Quantum denoising software lets users balance the trade-off between dose level and image quality. Operators can either lower the dose by as much as 50% and maintain image quality, or keep the standard dose and improve image quality.

Toshiba’s ‘Sure Exposure’ ensures optimum image quality at minimum patient dose, by adjusting the tube current during scanning. Often reducing total dose by up to 40% per patient, it is especially valuable in paediatric examinations to ensure children receive the lowest acceptable dose, every time.

Raster Artifact Suppression Protocol (RASP) reduces streak artifacts from high-absorption areas like the shoulders and pelvis, and minimises the need to increase dose to compensate for absorption.

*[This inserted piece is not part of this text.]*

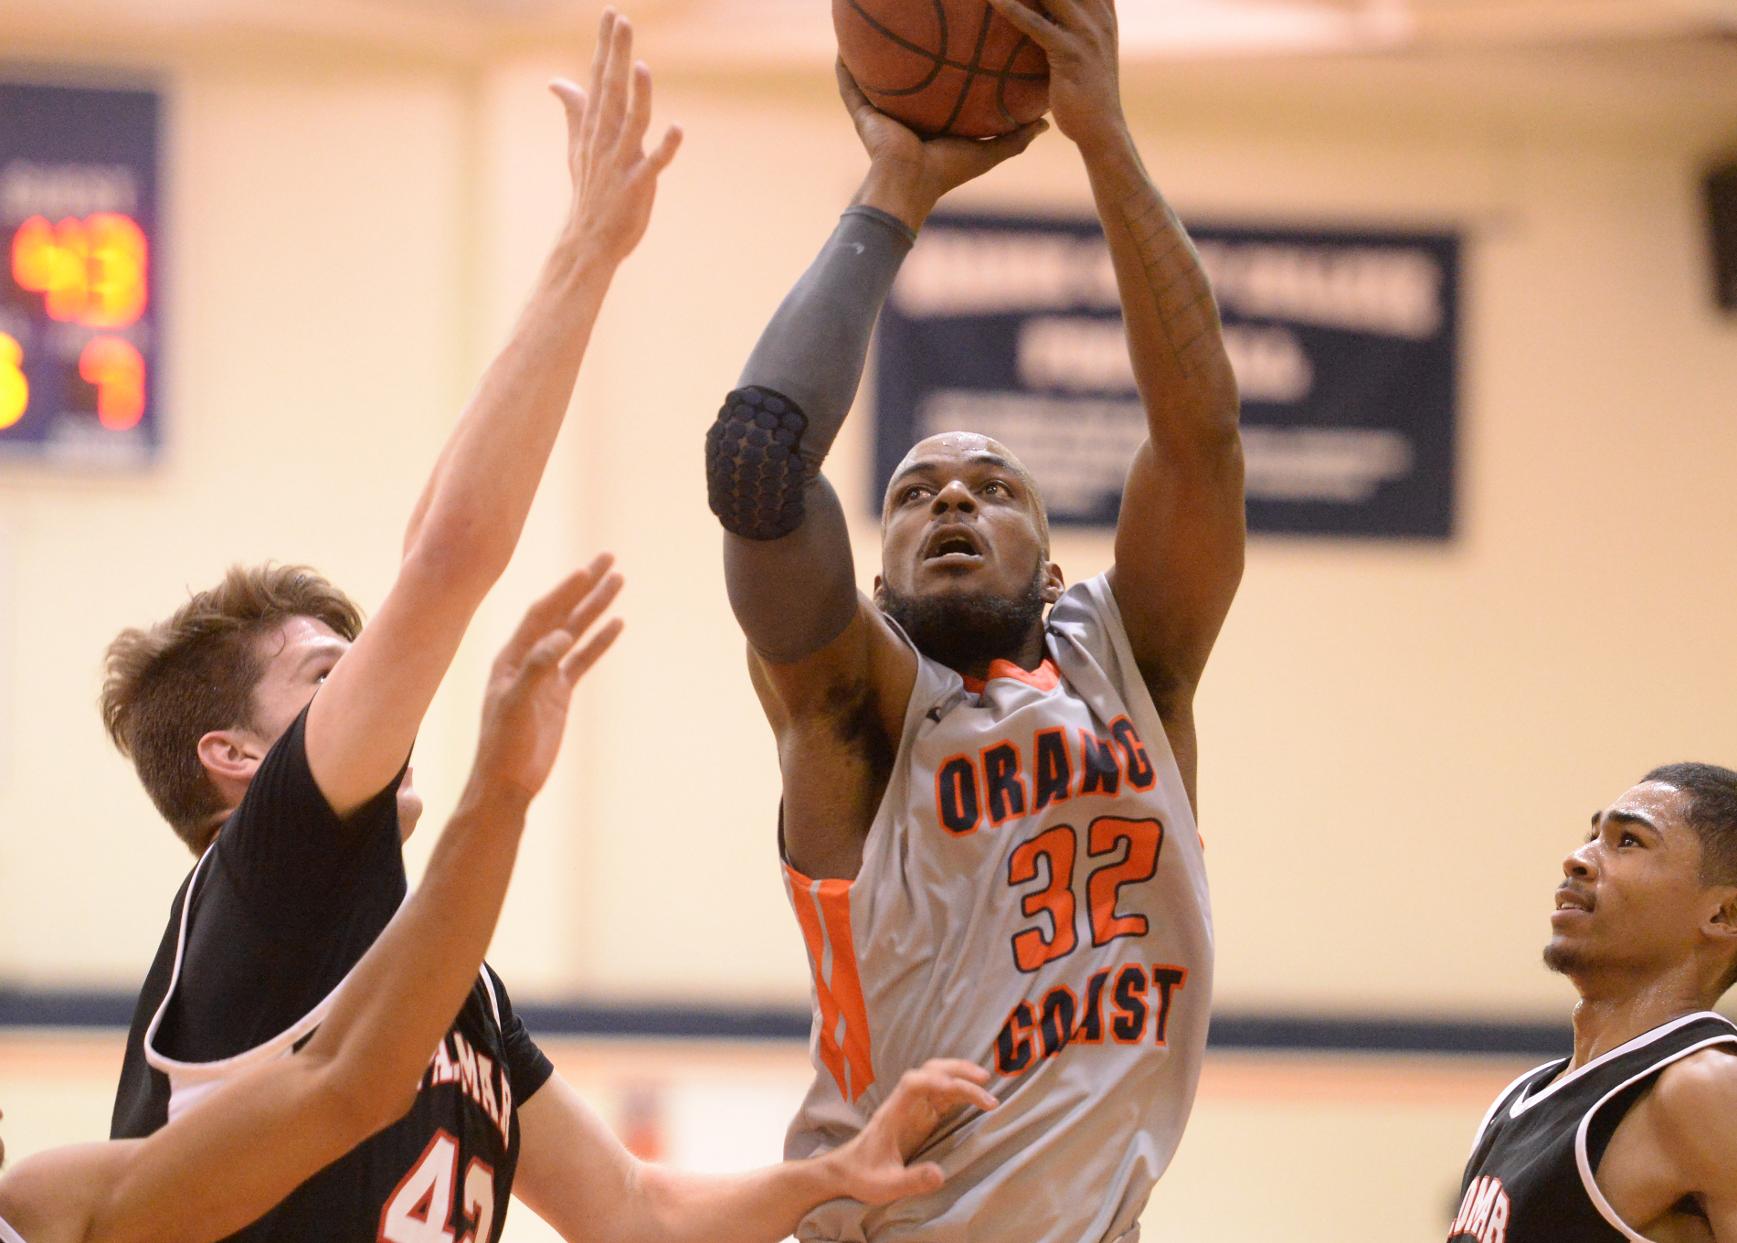 Pirate standout Jamaal Lee earns first-team, All-OEC honors

For more information visit:

Siemens’ Somatom Sensation

Siemens Somatom Sensation 64 was first introduced at the Radiological Society of North America (RSNA) 2003. Sensation 64 offers clinicians the peak of clinical performance. Empowered by the Siemens unique Straton tube and z- Sharp Technology, the Somatom Sensation 64 enables the user to routinely achieve unprecedented diagnostic detail with the industry’s highest isotropic resolution of below 0.4mm and fastest rotation time of up to 0.33 seconds. By utilising the most powerful advanced applications, the user can image the smallest pathology and finest anatomical structures in just a few seconds.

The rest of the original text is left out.